By the 2010s, the U.S. university system had locked in reduced investment in students that also varied by racial group (Black, Indigenous, and Latino students go to poorer schools than Asians and whites): they had set instructional funding at less than one-third of overall expenditures (see Nate Johnson on both points, comparing Figure 1 to Figure 3). Teaching at public colleges is highly dependent on state funding and tuition: at UC Irvine, for example, 70% of “core funding” comes from these sources this past year (and 81% the year before). Nationally, state revenues for public colleges are still 2 dollars short of their (inflation-adjusted) level of 1999, having spent most of that period below the level at the turn of the century.

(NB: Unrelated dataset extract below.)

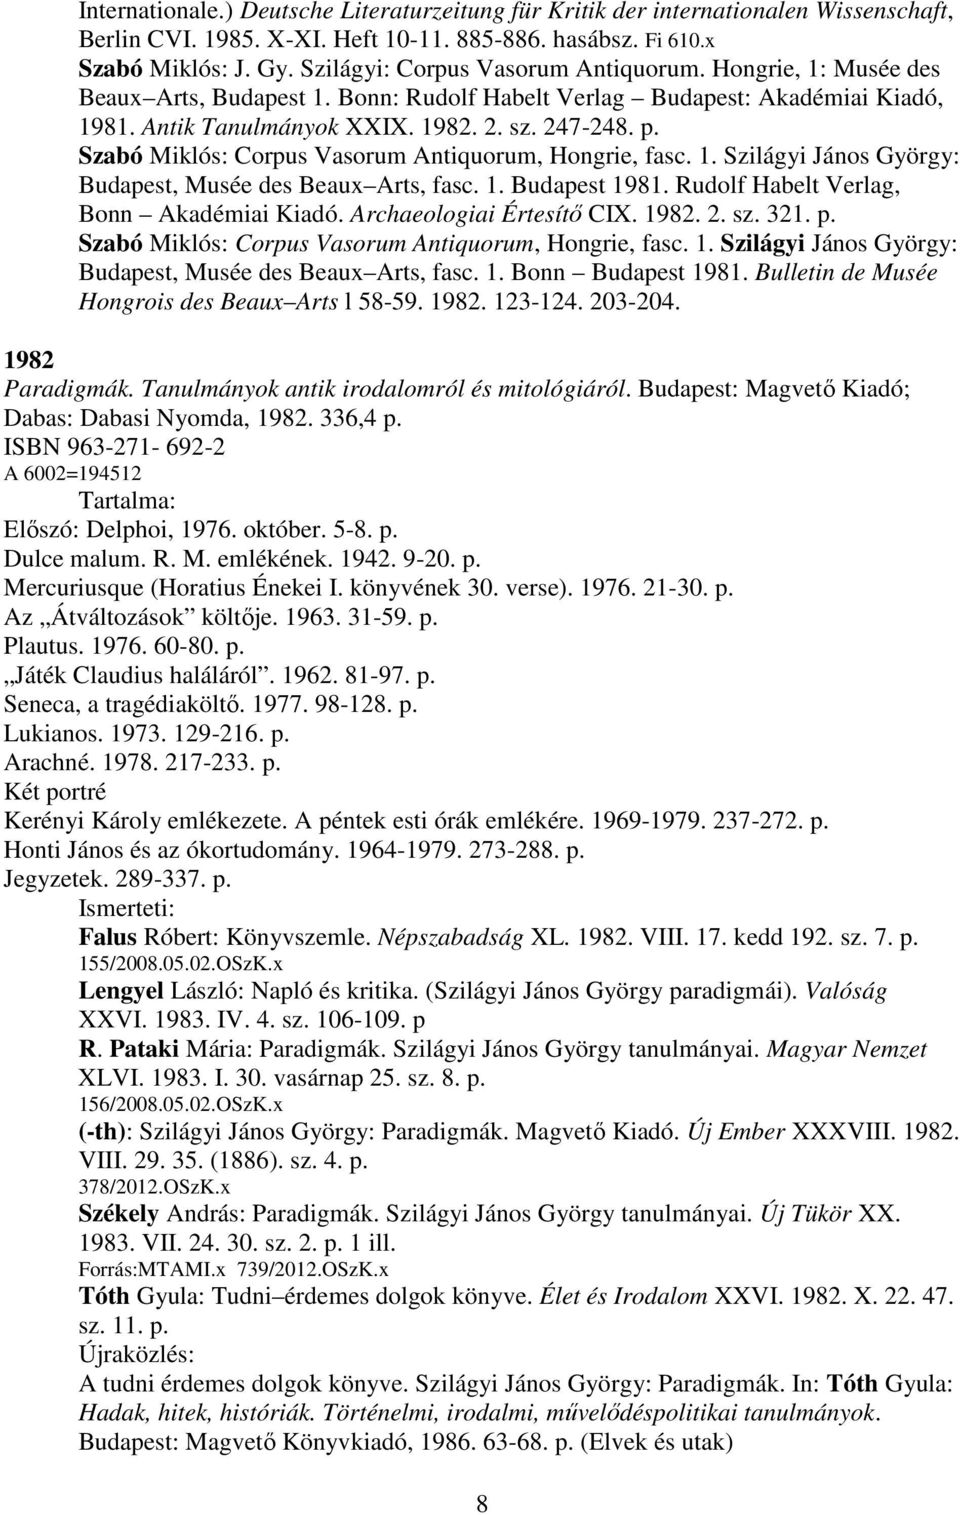 Szabó Miklós: Corpus Vasorum Antiquorum, Hongrie, fasc. 1. Szilágyi János György: Budapest, Musée des Beaux Arts, fasc. 1. Budapest 1981. Rudolf Habelt Verlag, Bonn Akadémiai Kiadó.
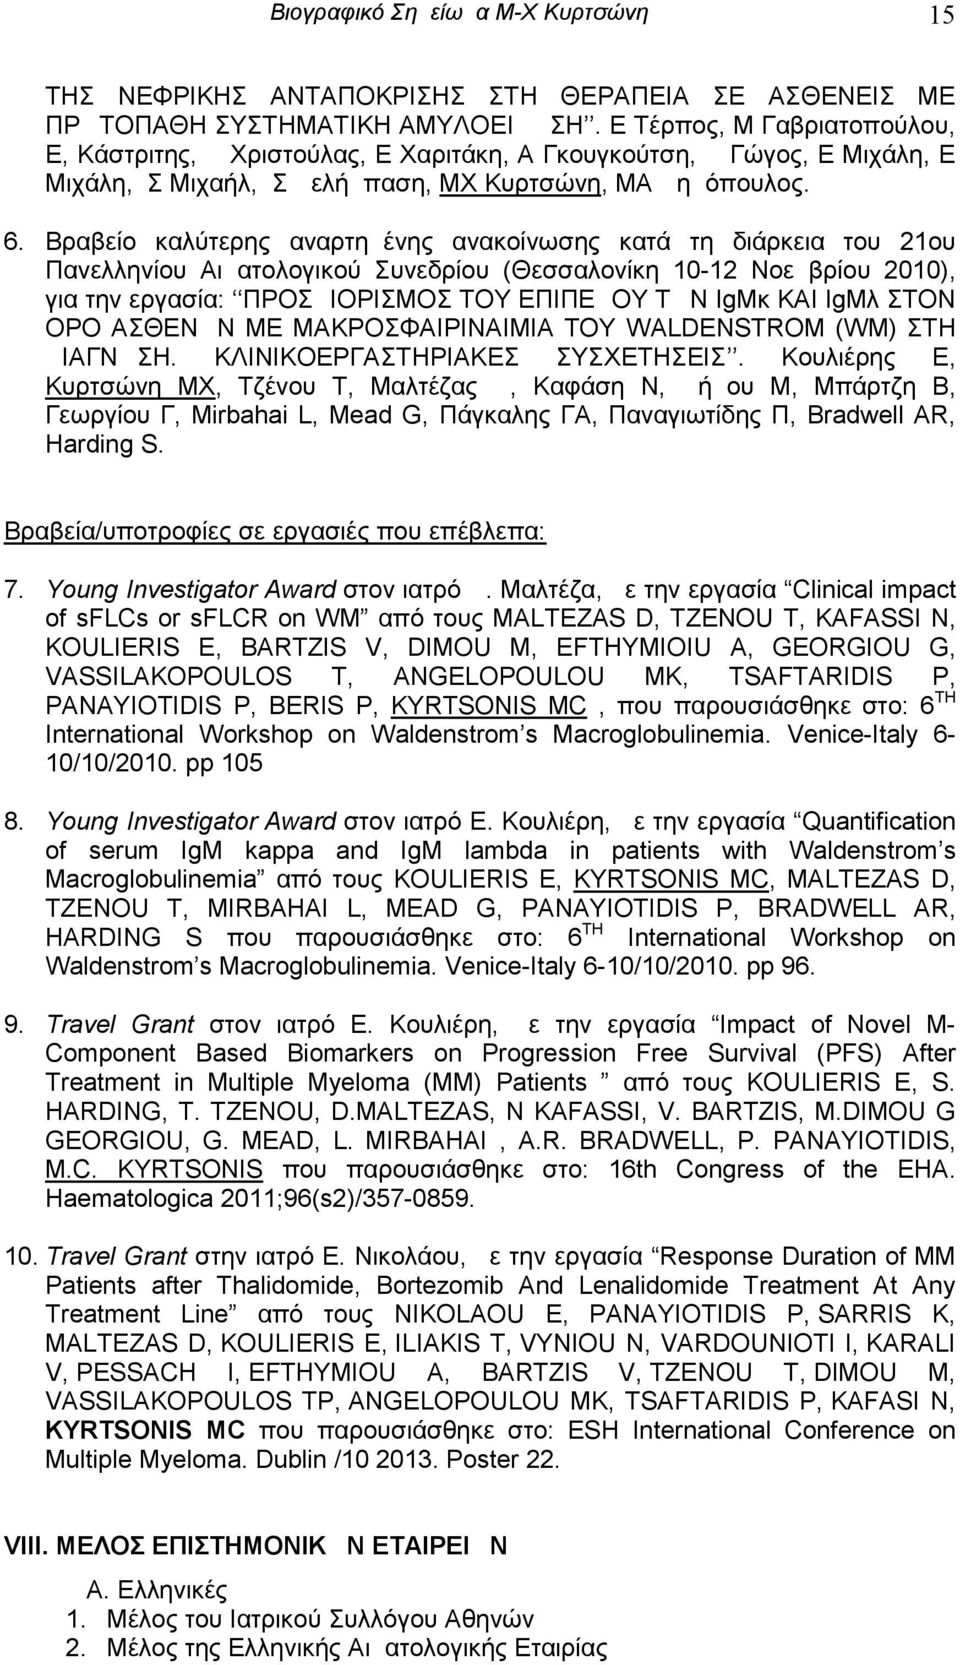 Βραβείο καλύτερης αναρτημένης ανακοίνωσης κατά τη διάρκεια του 21ου Πανελληνίου Αιματολογικού Συνεδρίου ( Θεσσαλονίκη 10-12 Νοεμβρίου 2010), για την εργασία: ΠΡΟΣΔΙΟΡΙΣΜΟΣ ΤΟΥ ΕΠΙΠΕΔΟΥ ΤΩΝ IgMκ ΚΑΙ

Even with a 50% increase in (inflation-adjusted) tuition, total revenues have only increased 14% over 25 years, with likely all of that increase--and more--going to non-instructional functions.
In short, the typical public college or university lacks the money to improve instruction to the point that the vast majority of its graduates can run AI and not be run by it. Non-wealthy privates are in the same position.
The UC report I linked above, on the "economic impact" of a degree, ducks the question by saying the current system is working fine because look at the graduate salaries. UC grads do have better salaries than non-graduates and the graduates of some public colleges. It is indeed still better to have a B.A. degree than not. But a UC graduate's earnings tells you little about their actual learning on a UC campus: it tells you about labor markets, and in this case labor markets for people who left college 5-10 years ago, in the pre-AI era. The cognitive crisis must be faced directly, and so must the need for new (public) investment--a new political economy-- to support real solutions to it. I'll discuss this issue in Part 2.